Bearing in mind what I see as "right" or processed enough other people may view as horrendous, its a very subjective thing.

Brett has got a point, for the majority of shots I take the camera is just a thing, a tool if you like, quite happy using a £79 point and shoot too, I am not a pro so it doesn't really matter to me. In the scheme of things the D700 and that collection of glass is not a dear set up, just start looking at the hassleblad site or something from Leica.....!!!!:doublesho


----------



## Eddy (Apr 13, 2008)

Dude, those shots are mind boggling, all of them, I adore the indorr shots of the rooms etc.

Stunning work!


----------



## CliveP (Feb 1, 2009)

Lovely!

I worked in Boston, MA for a year so brings back great memories! Fantastic pictures.

Many Thanks,
Regards,
Clive.


----------



## dubnut71 (Jul 25, 2006)

CliveP said:


> Lovely!
> 
> I worked in Boston, MA for a year so brings back great memories! Fantastic pictures.
> 
> ...


Thanks Clive, I am jealous of the fact you lived there, its one hell of a cool city.


----------



## CliveP (Feb 1, 2009)

dubnut71 said:


> Thanks Clive, I am jealous of the fact you lived there, its one hell of a cool city.


It was great but also hard work, in many ways I loved it - could have gone there permanently, the offer would have made your eyes water - however despite being quite a workaholic, the thought of just ten days holiday a year was enough to make me decide to return to England for a still pretty decent salary...

Was a great time and it was related to one of the pics - good old Dunkin' !

Regards,
Clive.


----------



## Pk777 (Apr 12, 2011)

Boston is amazing and I loved living there, hopefully moving back soon this is the pad, pearl st, house only up about 3 years now, the beige one with the garage! Makes me depressed being here, got over at Xmas and was even nicer, tho kinda hairy in snow driving Down the hill lol


----------



## n_d_fox (Apr 18, 2007)

I dont think i havent ever been anything but impressed by the shots you take, if i could learn a style or develop an eye for a pic it would echo yours completely mate, love them !

Some of the places you visit are pretty special too mind, really liking the pics from the hotel, how cool is it that they leave an iPad in the room for you to play with and lets be honest, any one of us would love to have that bin at home !


----------



## Hugi (May 11, 2011)

I'm in Boston every year for a month. I love this City. 

And your pictures are just awesome!


----------



## dubnut71 (Jul 25, 2006)

n_d_fox said:


> I dont think i havent ever been anything but impressed by the shots you take, if i could learn a style or develop an eye for a pic it would echo yours completely mate, love them !
> 
> Some of the places you visit are pretty special too mind, really liking the pics from the hotel, how cool is it that they leave an iPad in the room for you to play with and lets be honest, any one of us would love to have that bin at home !
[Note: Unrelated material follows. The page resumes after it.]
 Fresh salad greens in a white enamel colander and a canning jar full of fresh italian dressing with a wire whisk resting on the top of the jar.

Cheers buddy, its not really a style its just point the camera at stuff and shoot really. Got some advice from a chap called Tim Wallace (Ambient Life - does PB's stuff and has a cracking site http://www.ambientlife.co.uk/gallery.html) and it was just develop your own style not follow someone else's, so thats what I did I suppose.
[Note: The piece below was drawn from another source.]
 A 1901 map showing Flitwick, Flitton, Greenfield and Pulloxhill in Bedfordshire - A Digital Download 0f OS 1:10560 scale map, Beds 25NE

Bizarrely enough the white ipad2 was a gift for my g/f from the concierge at the hotel, the travel company she uses for work is the same one she booked this through and it was a bit of a thank you for all of the corporate travel she books with them, so that was nice but I haven't got my hands on it, its been very swiftly squared away by her!! I am looking all over for the bin back in the UK though, I would love one of them in my bathroom it was cool!!:thumb:


----------